RCW 19.27.097   Building permit application—Evidence of adequate water supply—Applicability—Exemption.  (1) Each applicant for a building permit of a building necessitating potable water shall provide evidence of an adequate water supply for the intended use of the building. Evidence may be in the form of a water right permit from the department of ecology, a letter from an approved water purveyor stating the ability to provide water, or another form sufficient to verify the existence of an adequate water supply. In addition to other authorities, the county or city may impose conditions on building permits requiring connection to an existing public water system where the existing system is willing and able to provide safe and reliable potable water to the applicant with reasonable economy and efficiency. An application for a water right shall not be sufficient proof of an adequate water supply.  (2) Within counties not required or not choosing to plan pursuant to RCW 36.70A.040, the county and the state may mutually determine those areas in the county in which the requirements of subsection (1) of this section shall not apply. The departments of health and ecology shall coordinate on the implementation of this section. Should the county and the state fail to mutually determine those areas to be designated pursuant to this subsection, the county may petition the department of enterprise services to mediate or, if necessary, make the determination.  (3) Buildings that do not need potable water facilities are exempt from the provisions of this section. The department of ecology, after consultation with local governments, may adopt rules to implement this section, which may recognize differences between high-growth and low-growth counties.  [ 2015 c 225 § 17; 2010 c 271 § 302; 1995 c 399 § 9; 1991 sp.s. c 32 § 28; 1990 1st ex.s. c 17 § 63.]

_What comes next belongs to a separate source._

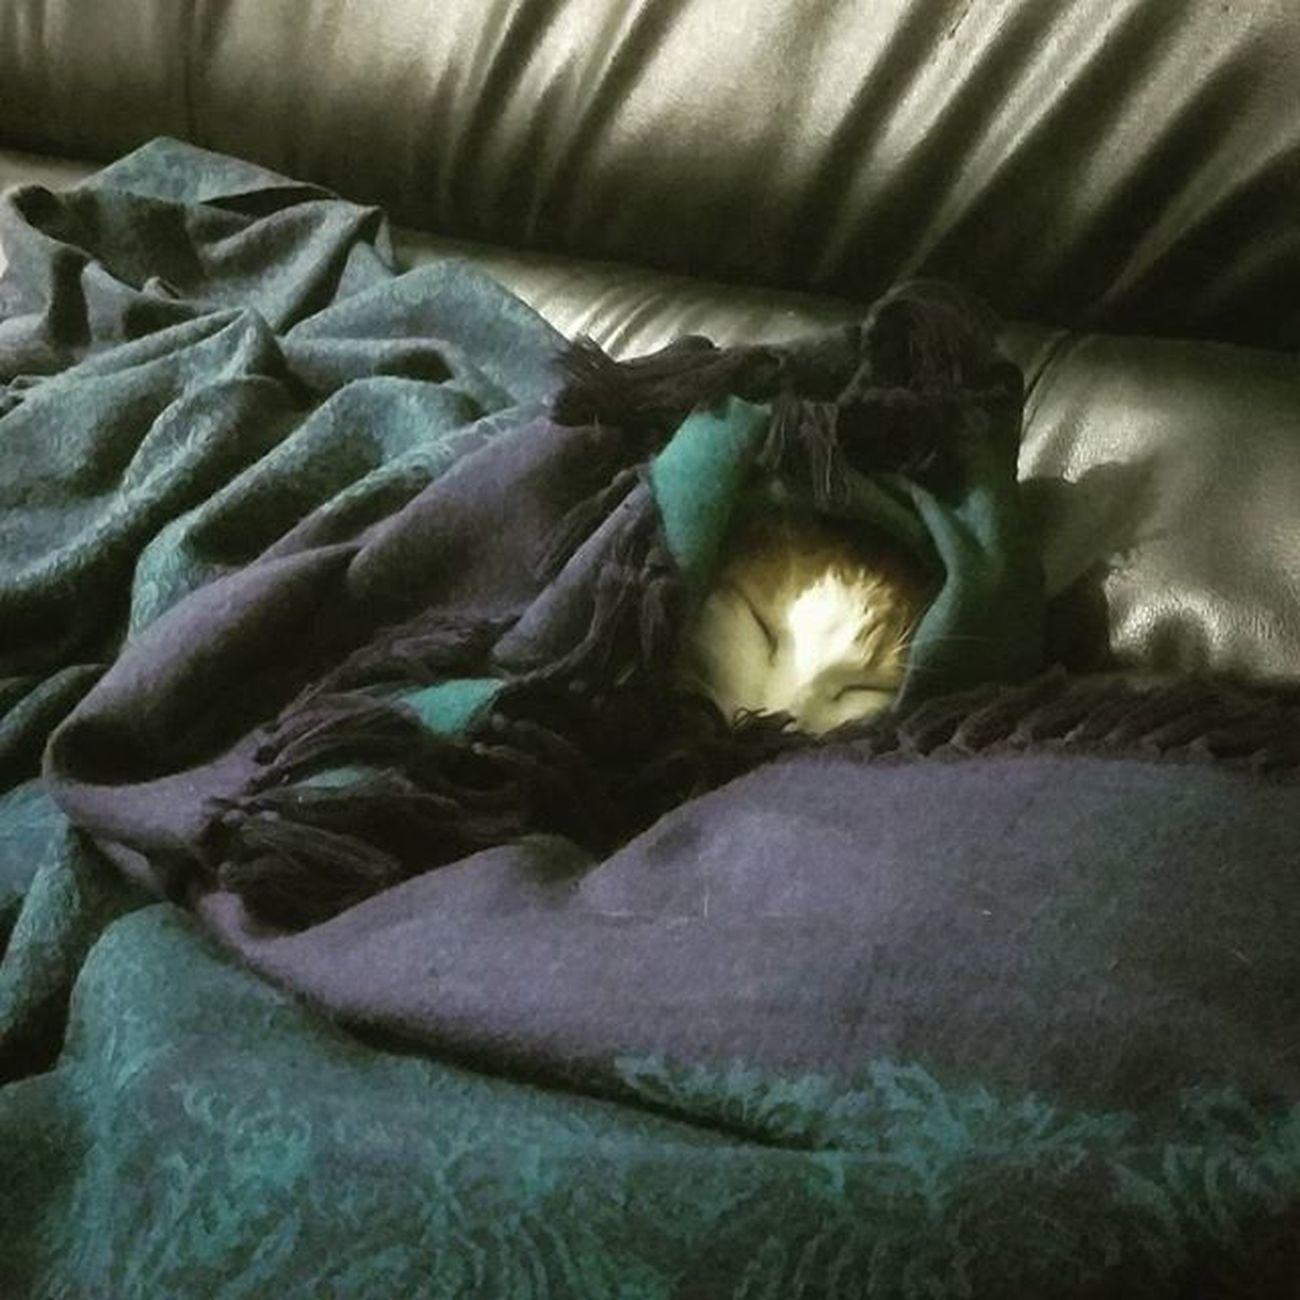 溫暖的貓咪. 小黃
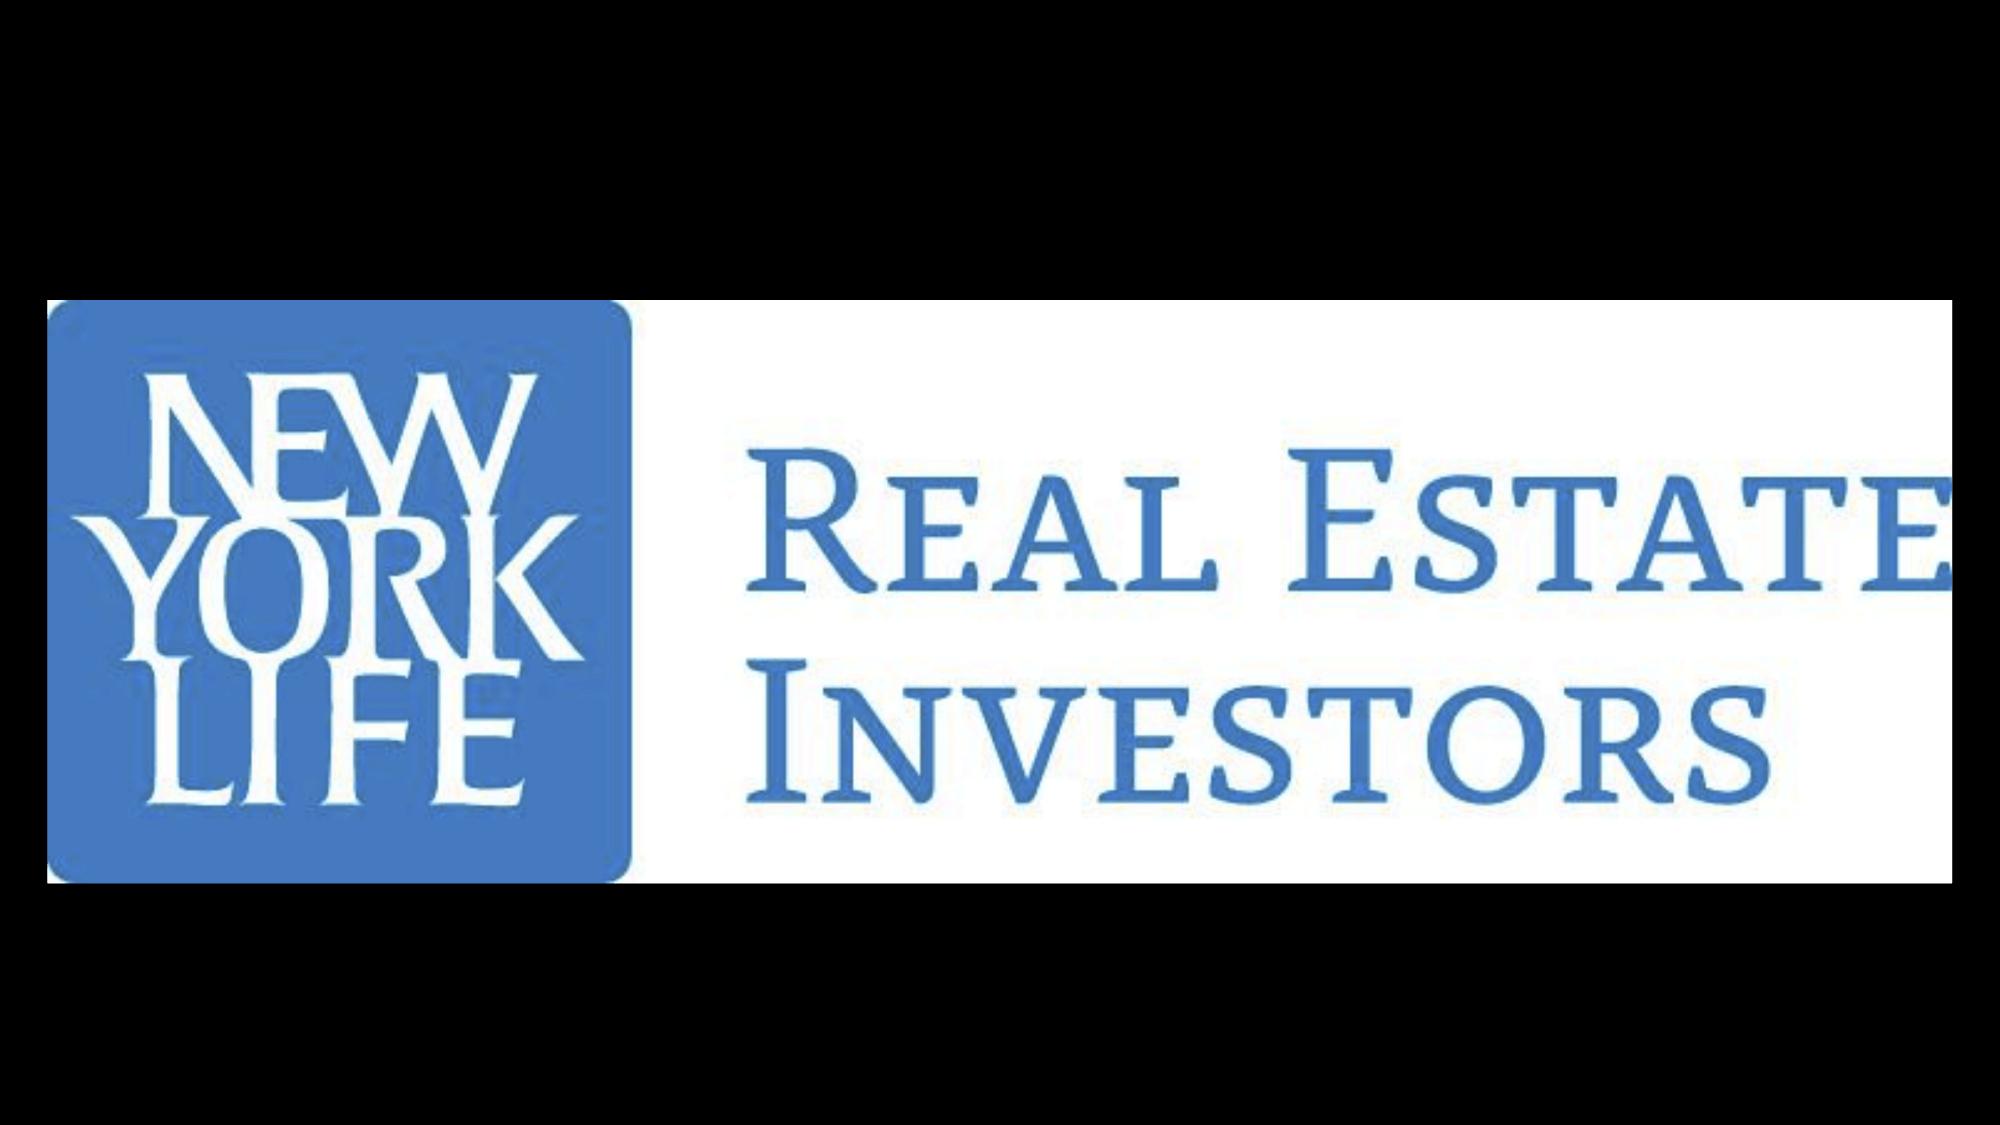 New York Life: Real Estate Investors

RCW 90.44.050     Permit to withdraw.   After June 6, 1945, no withdrawal of public groundwaters of the state shall be begun, nor shall any well or other works for such withdrawal be constructed, unless an application to appropriate such waters has been made to the department and a permit has been granted by it as herein provided: EXCEPT, HOWEVER, That any withdrawal of public groundwaters for stock-watering purposes, or for the watering of a lawn or of a noncommercial garden not exceeding one-half acre in area, or for single or group domestic uses in an amount not exceeding five thousand gallons a day, or as provided in RCW 90.44.052, or for an industrial purpose in an amount not exceeding five thousand gallons a day, is and shall be exempt from the provisions of this section, but, to the extent that it is regularly used beneficially, shall be entitled to a right equal to that established by a permit issued under the provisions of this chapter: PROVIDED, HOWEVER, That the department from time to time may require the person or agency making any such small withdrawal to furnish information as to the means for and the quantity of that withdrawal: PROVIDED, FURTHER, That at the option of the party making withdrawals of groundwaters of the state not exceeding five thousand gallons per day, applications under this section or declarations under RCW 90.44.090 may be filed and permits and certificates obtained in the same manner and under the same requirements as is in this chapter provided in the case of withdrawals in excess of five thousand gallons a day.  [ 2003 c 307 § 1; 1987 c 109 § 108; 1947 c 122 § 1; 1945 c 263 § 5; Rem. Supp. 1947 § 7400-5.]